Information shown:
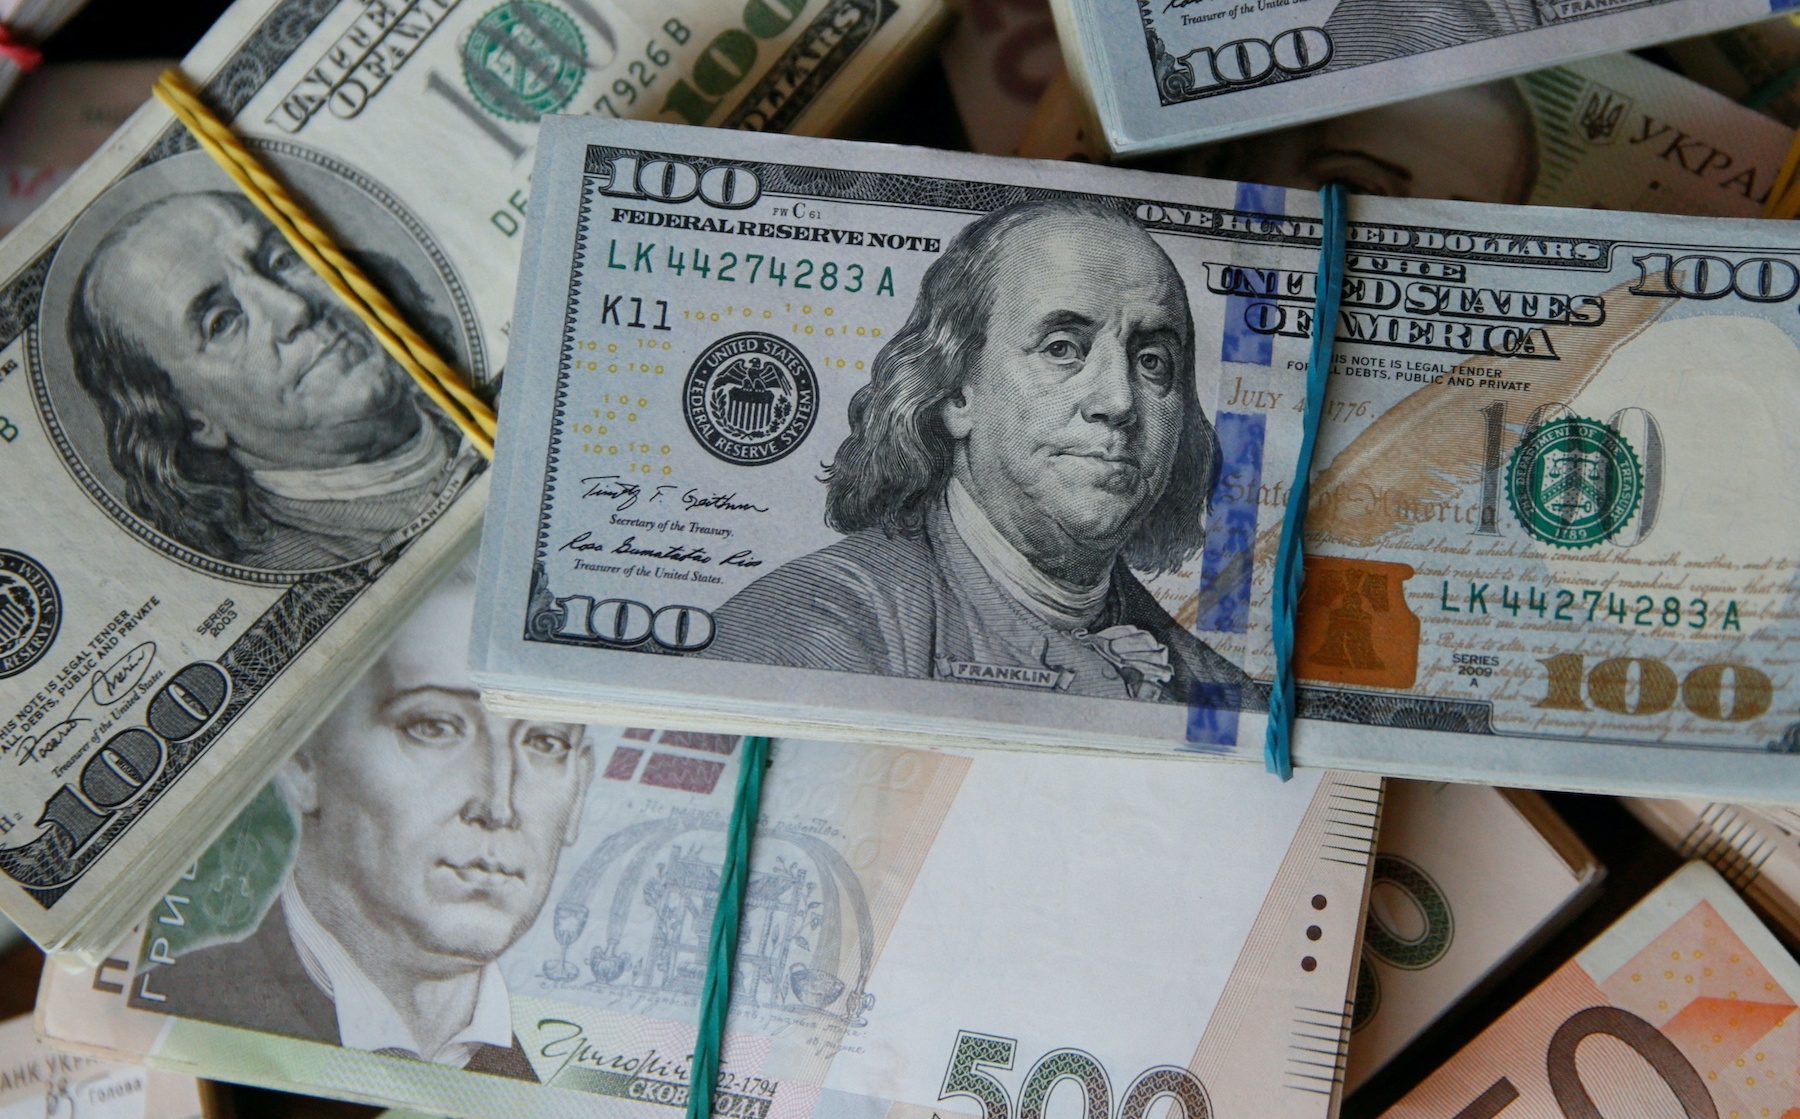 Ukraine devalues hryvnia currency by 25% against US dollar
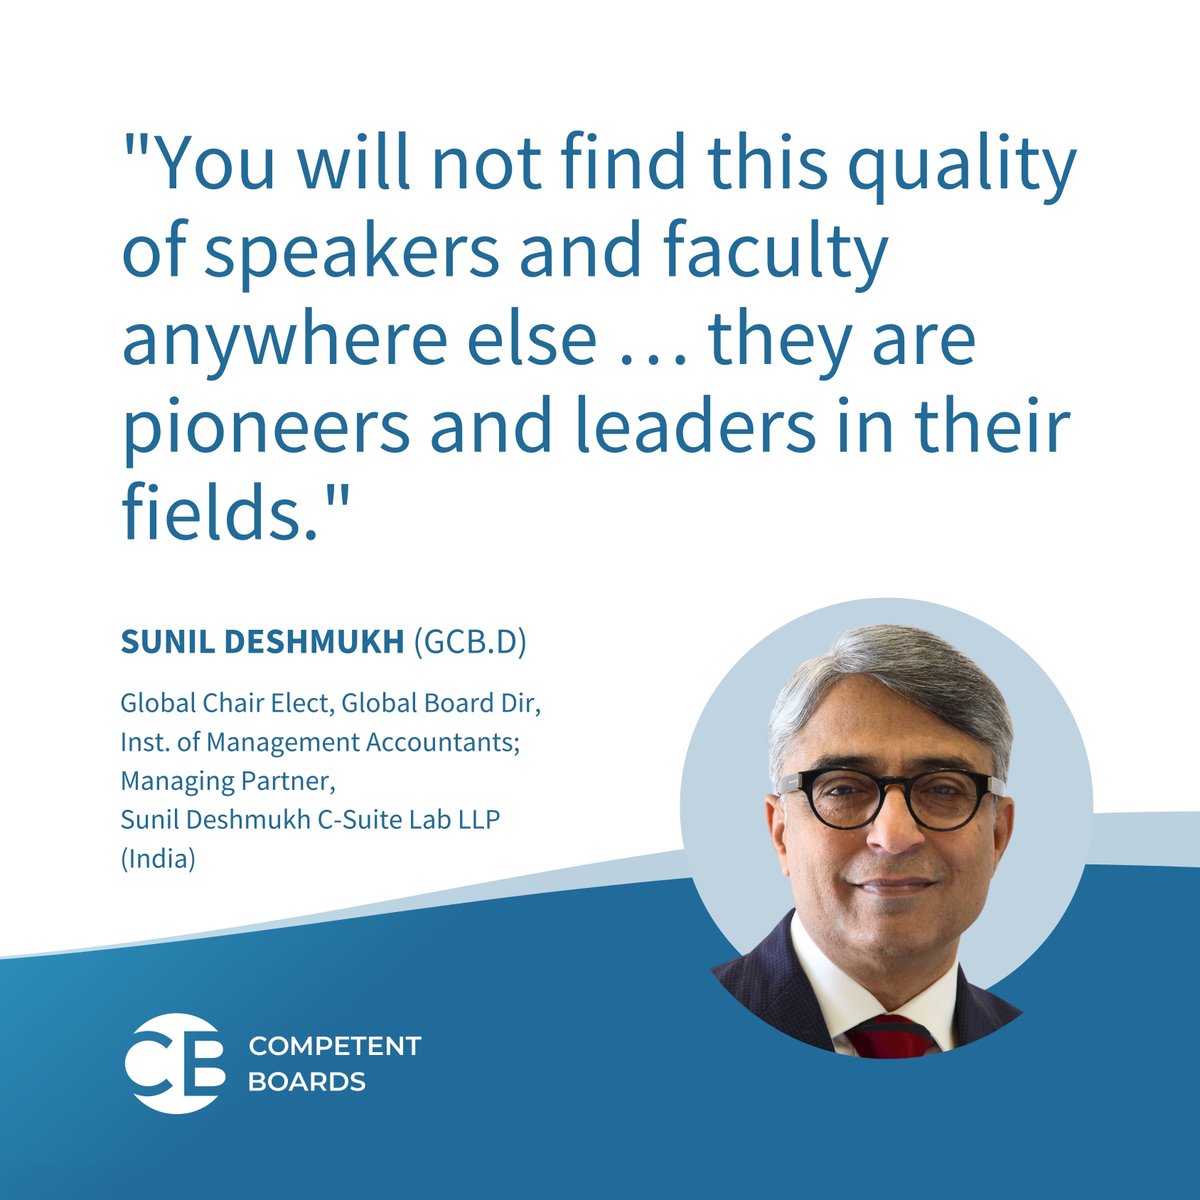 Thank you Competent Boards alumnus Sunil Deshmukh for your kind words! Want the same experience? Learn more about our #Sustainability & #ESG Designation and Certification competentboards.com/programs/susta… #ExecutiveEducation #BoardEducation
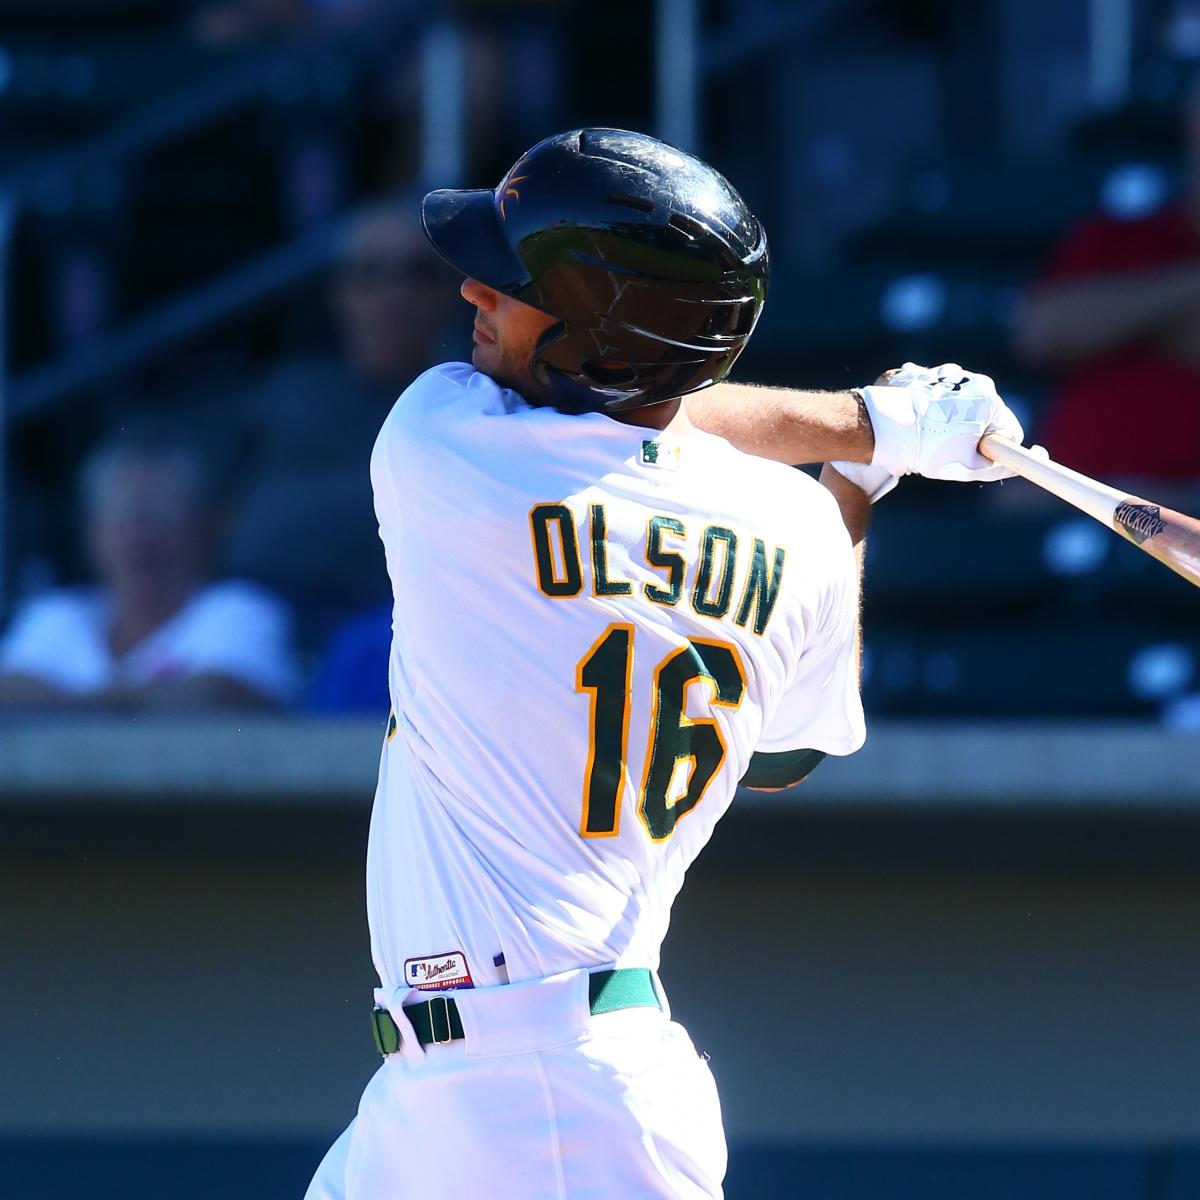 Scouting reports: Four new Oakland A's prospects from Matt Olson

Task directions: In your copy, leave out the pictures and reproduce the material above exactly.

Solution:
 Ukraine devalues hryvnia currency by 25% against US dollar
 Thank you Competent Boards alumnus Sunil Deshmukh for your kind words! Want the same experience? Learn more about our #Sustainability & #ESG Designation and Certification competentboards.com/programs/susta… #ExecutiveEducation #BoardEducation
 Scouting reports: Four new Oakland A's prospects from Matt Olson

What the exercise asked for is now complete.